[Start of Attachment]

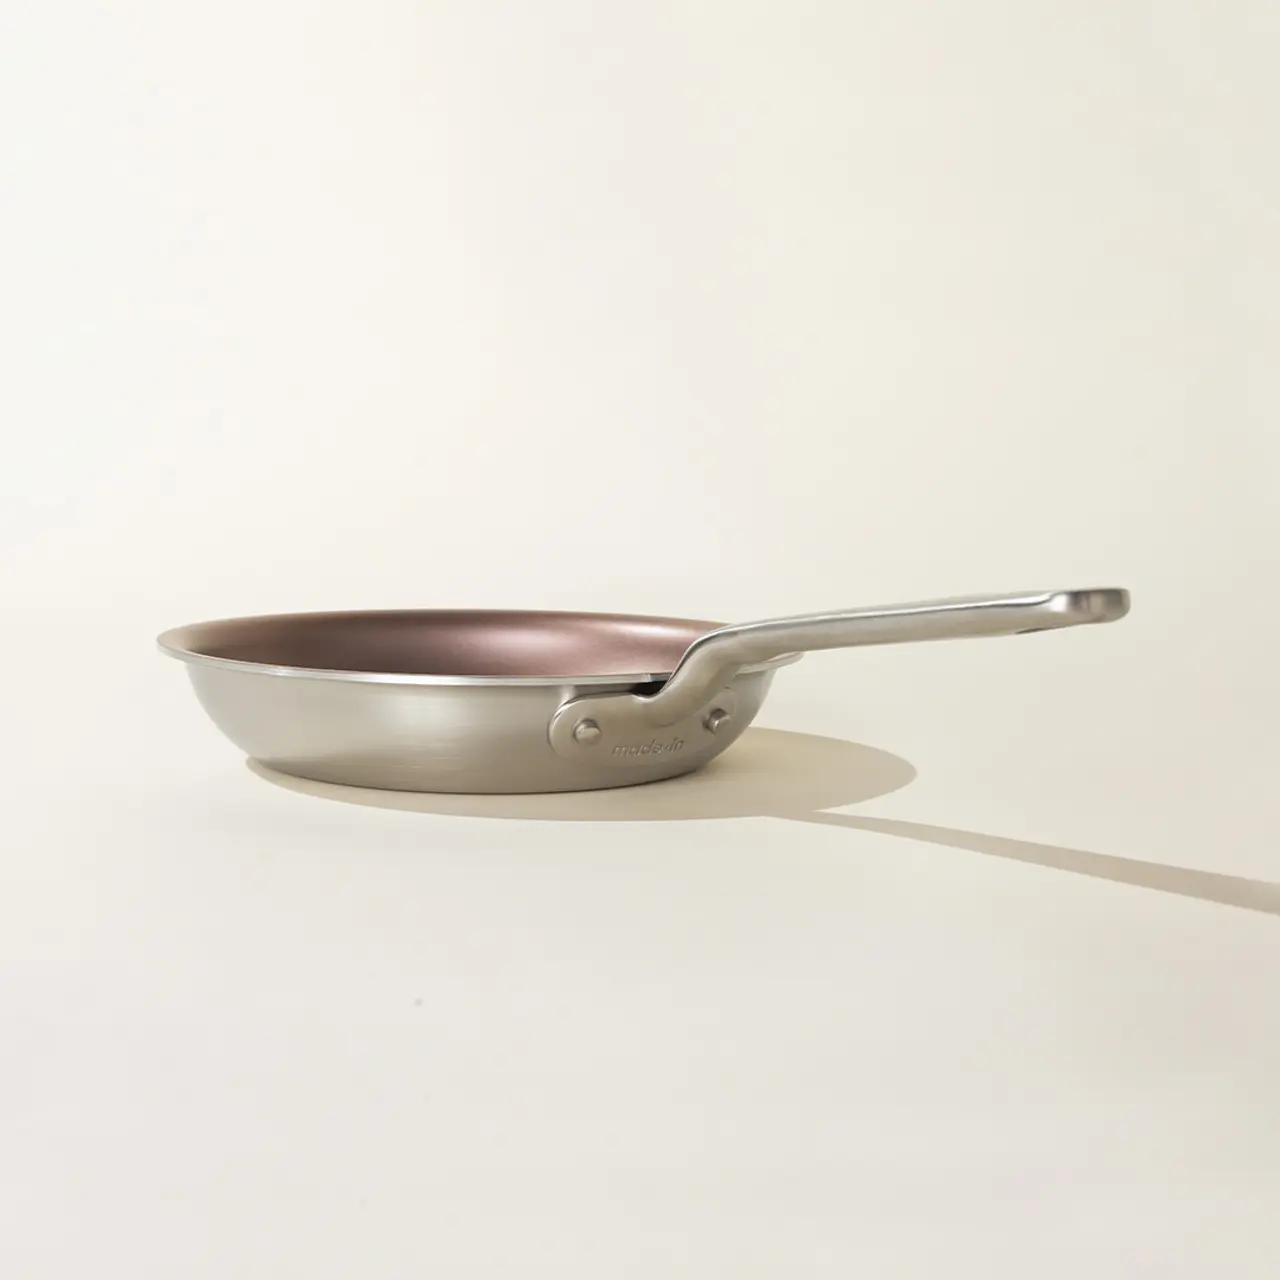 A stainless steel frying pan with a copper interior is placed against a neutral background, casting a soft shadow to one side.
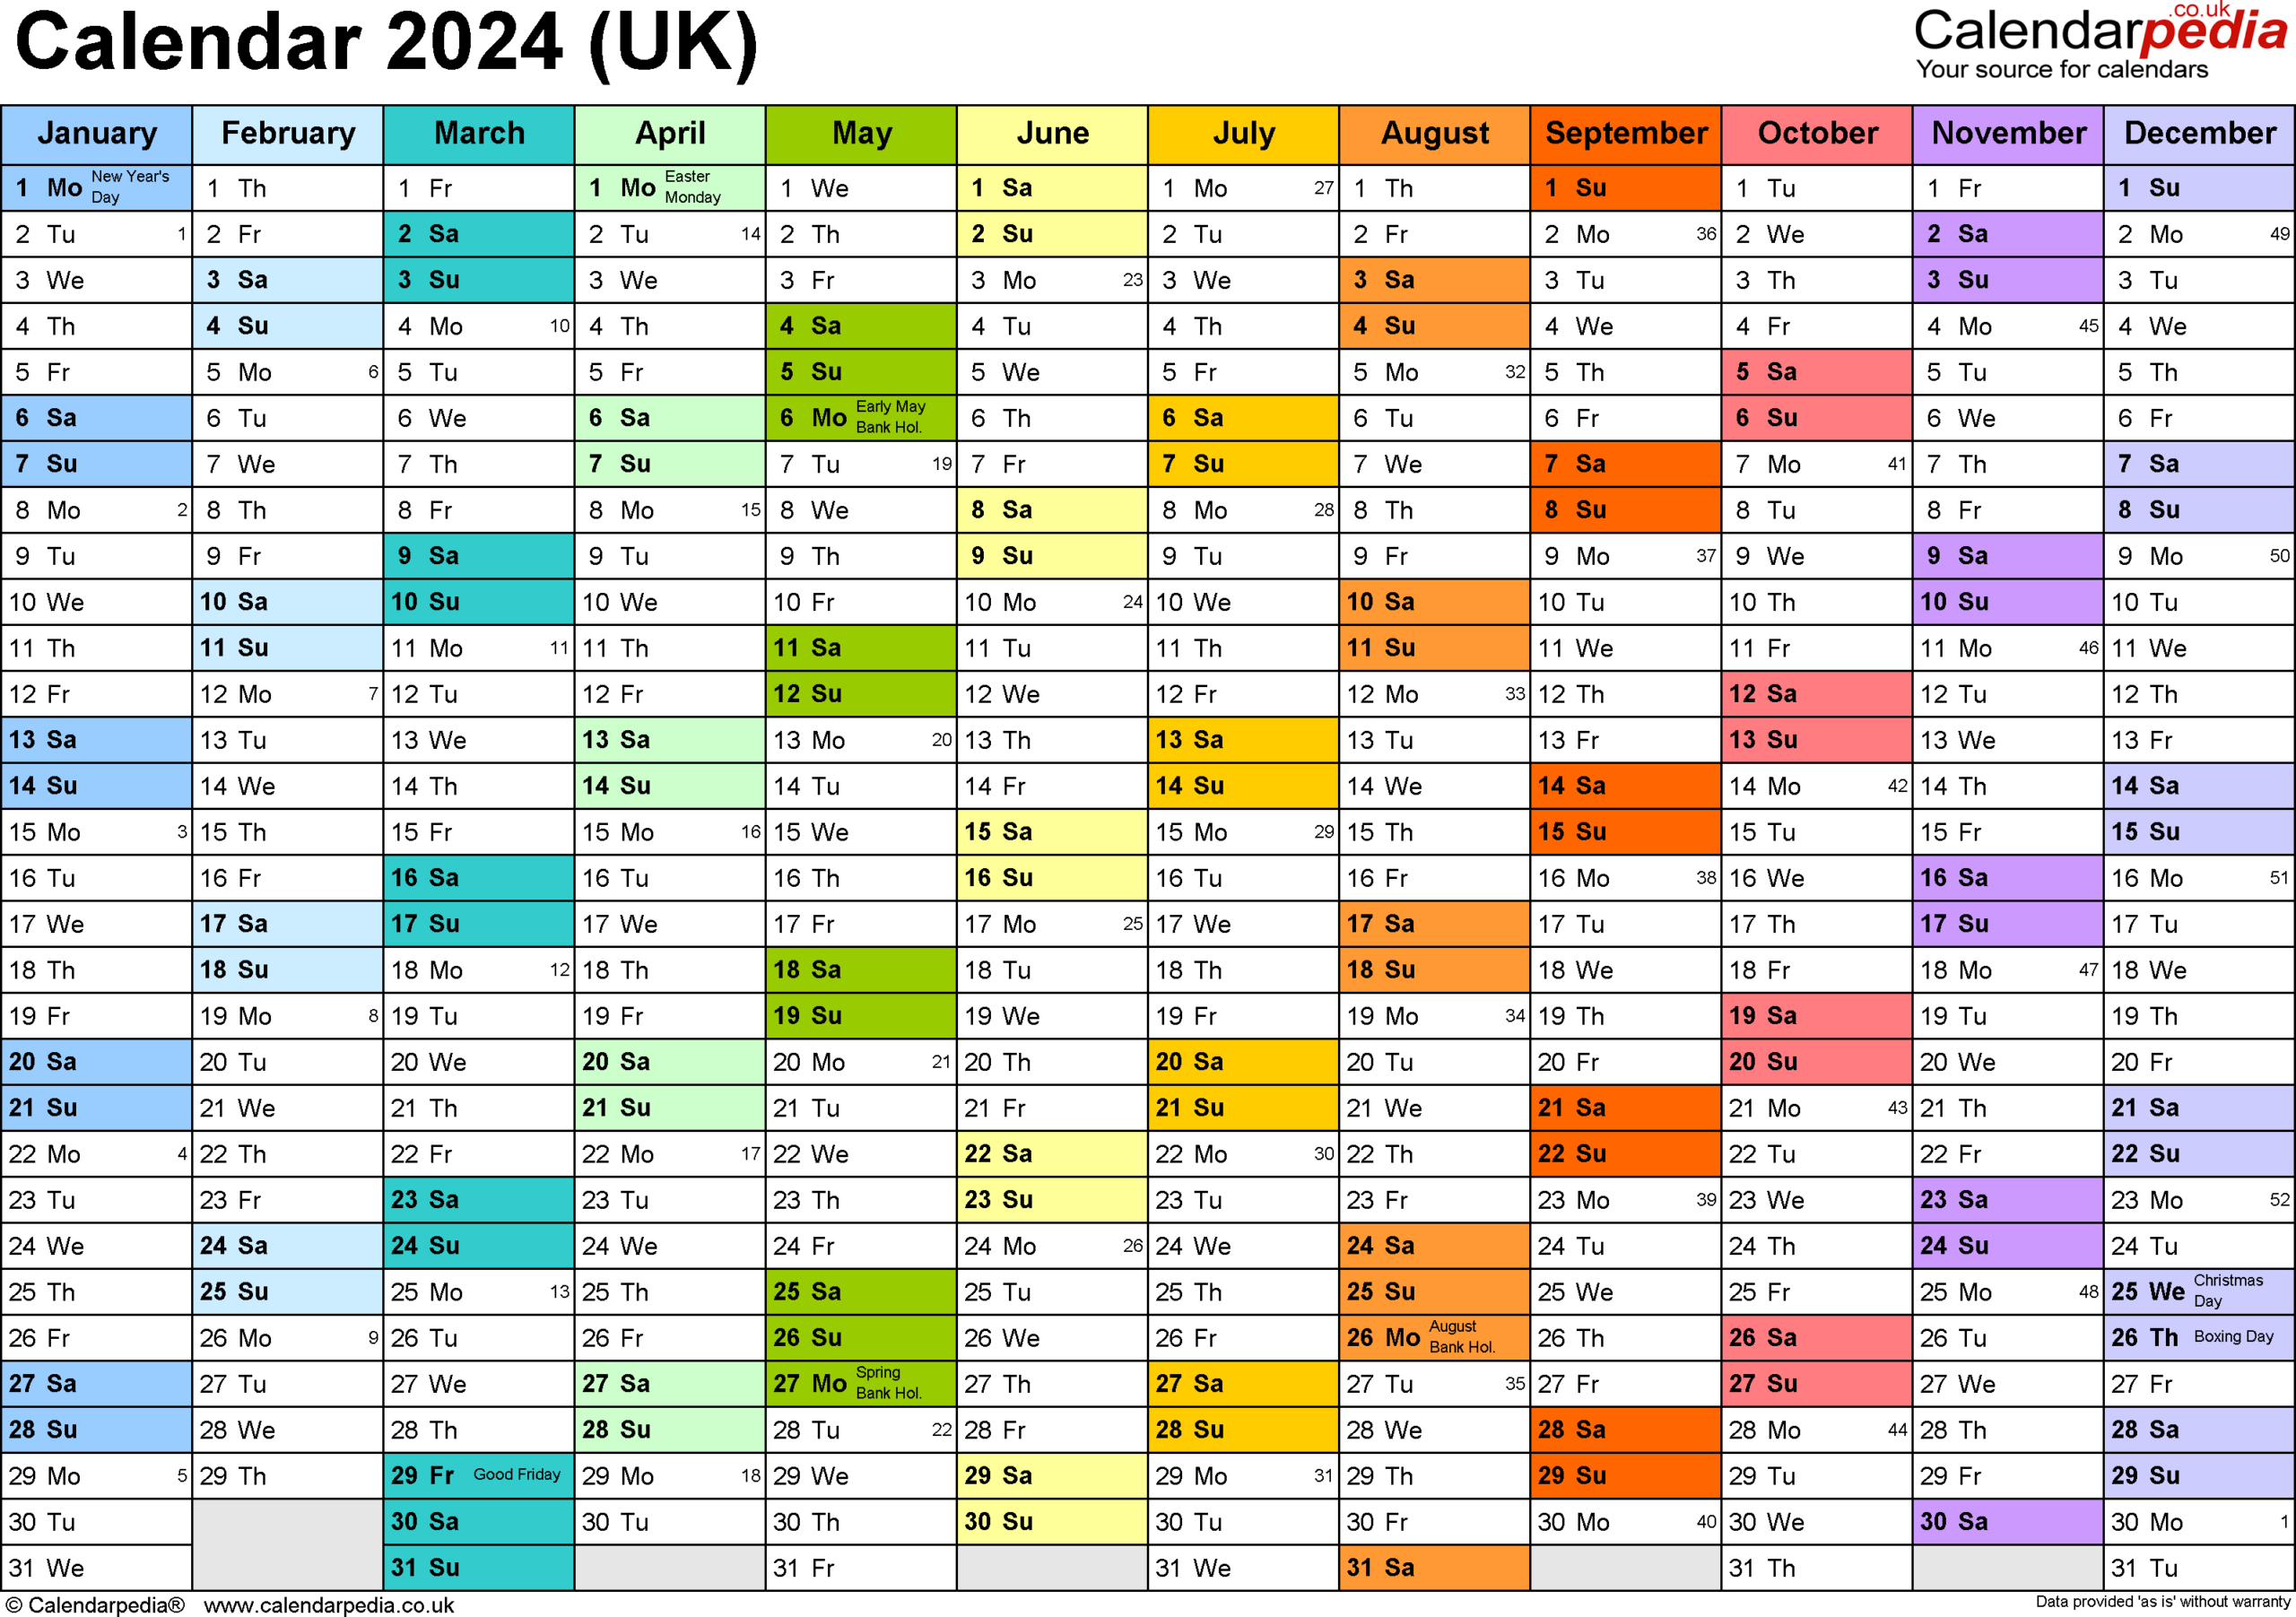 Calendar 2024 (Uk) - Free Printable Microsoft Excel Templates | How Many Days In 2024 Calendar Year?
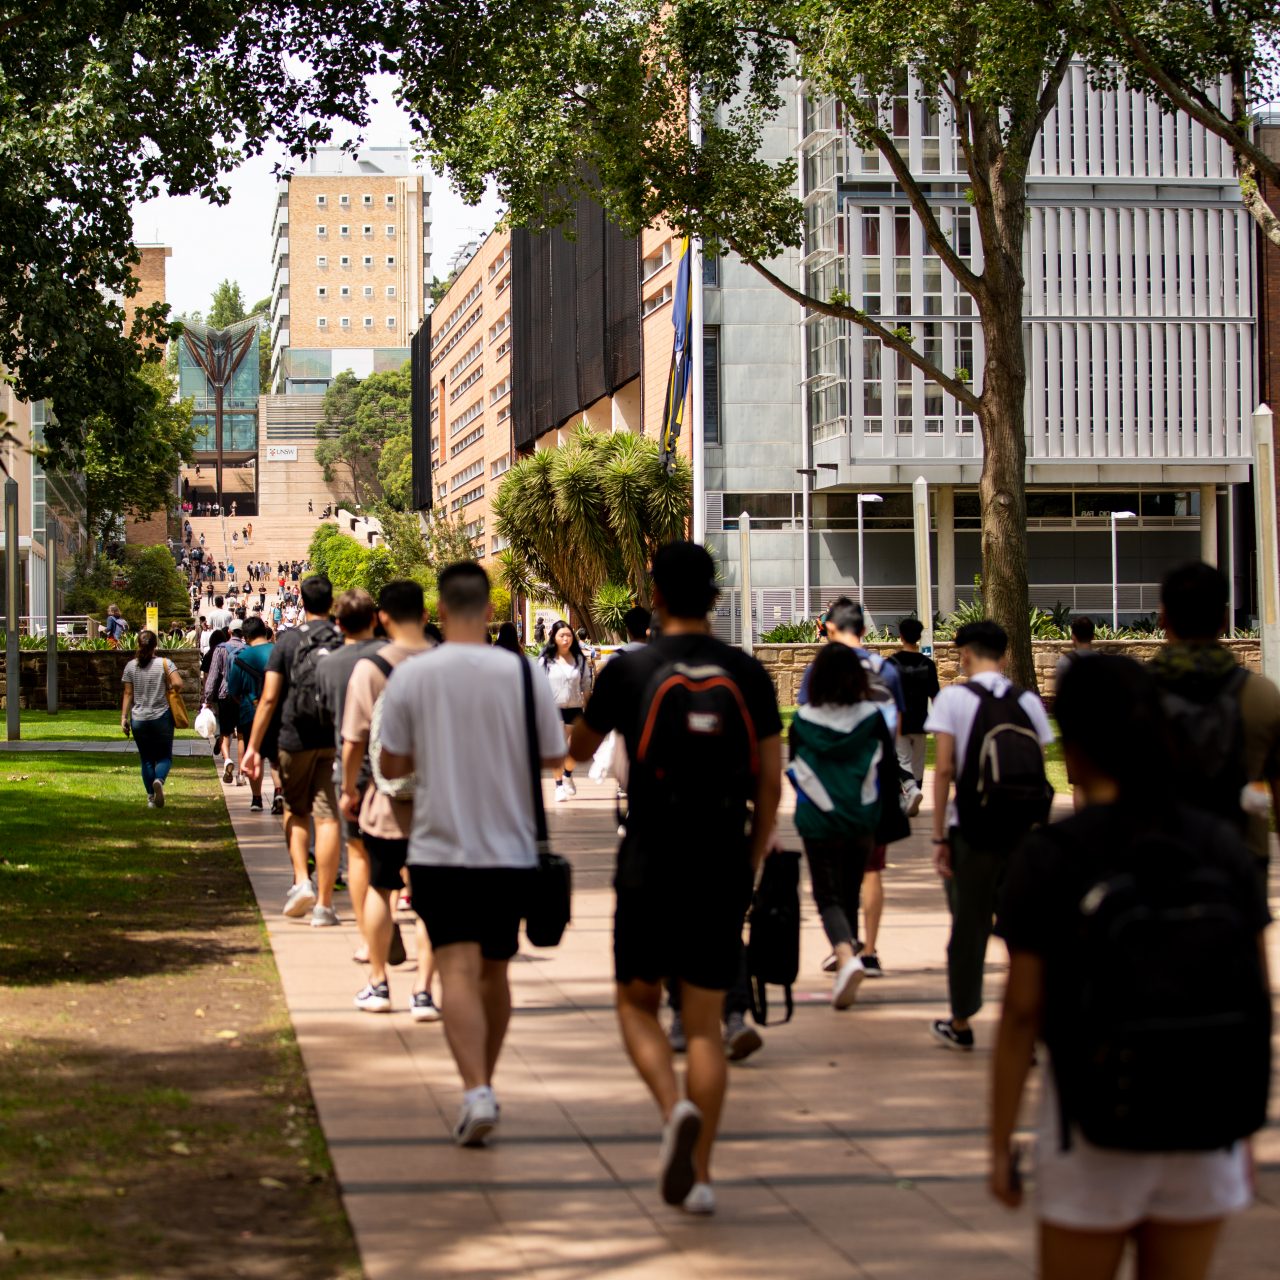 Students on Main Walkway, Scientia building in background
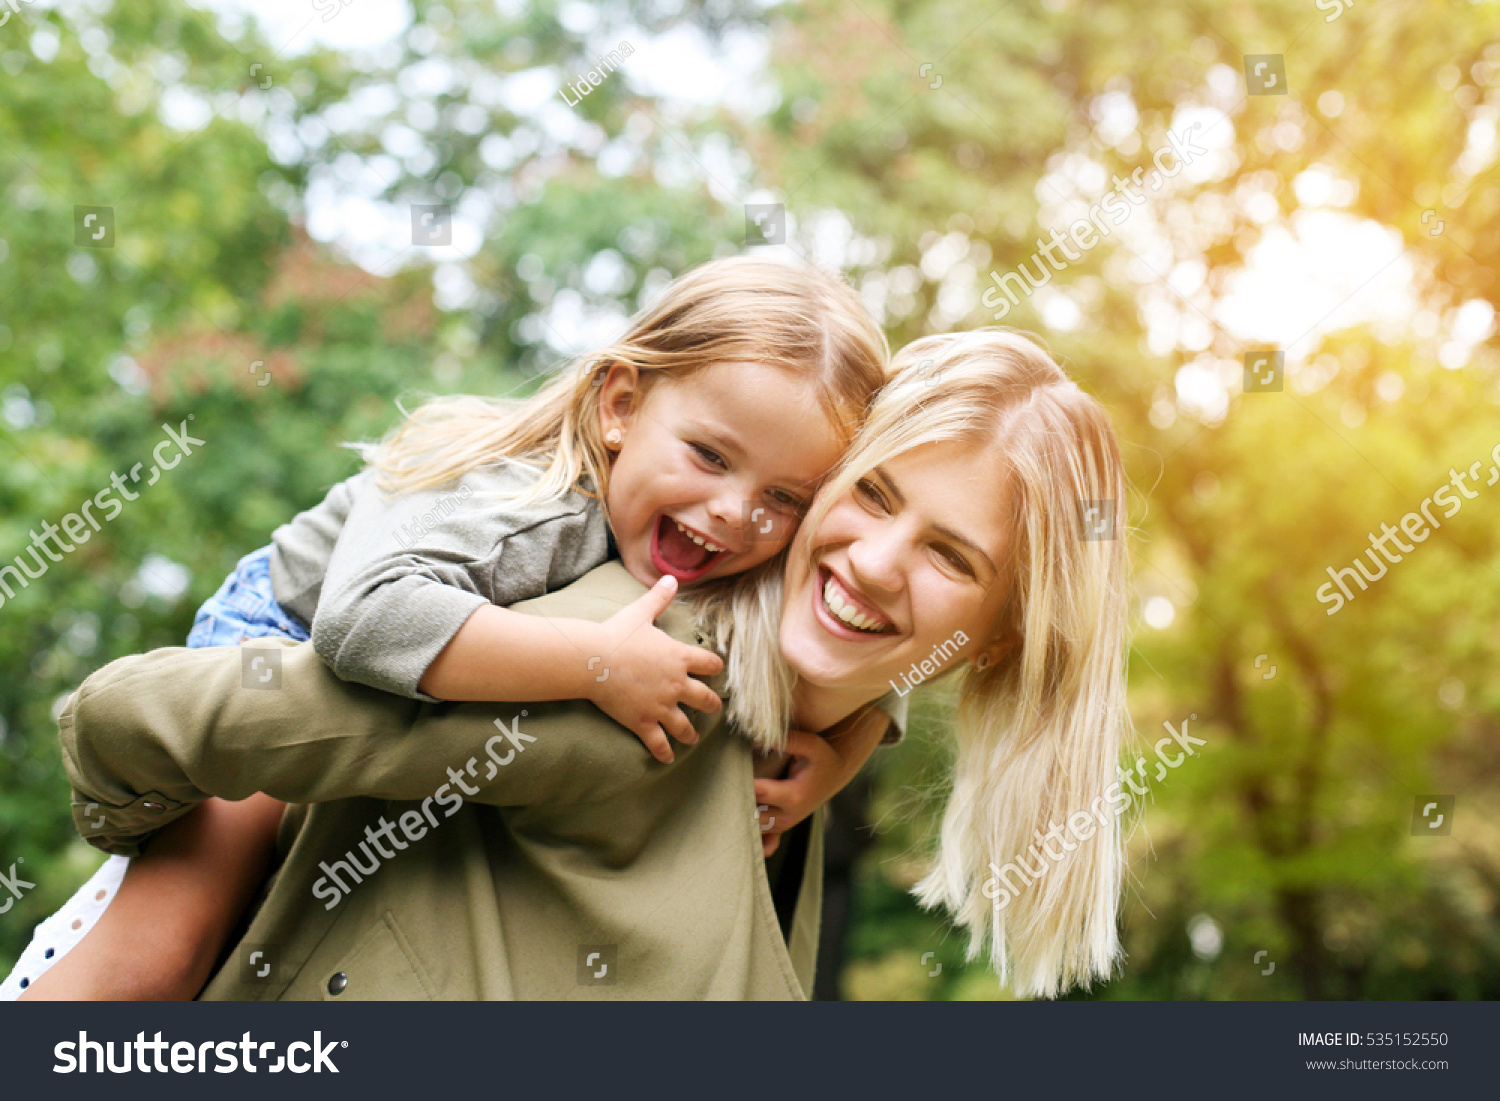 Cute young daughter on a piggy back ride with her mother. #535152550

[End of Attachment]

• **WHAT THE TASK ASKS**
Where the line containing "Students on Main" appears, begin writing out the lines word for word, and continue through the last line of the data, leaving out pictures.

• **ANSWER BOX**
 Students on Main Walkway, Scientia building in background
 Cute young daughter on a piggy back ride with her mother. #535152550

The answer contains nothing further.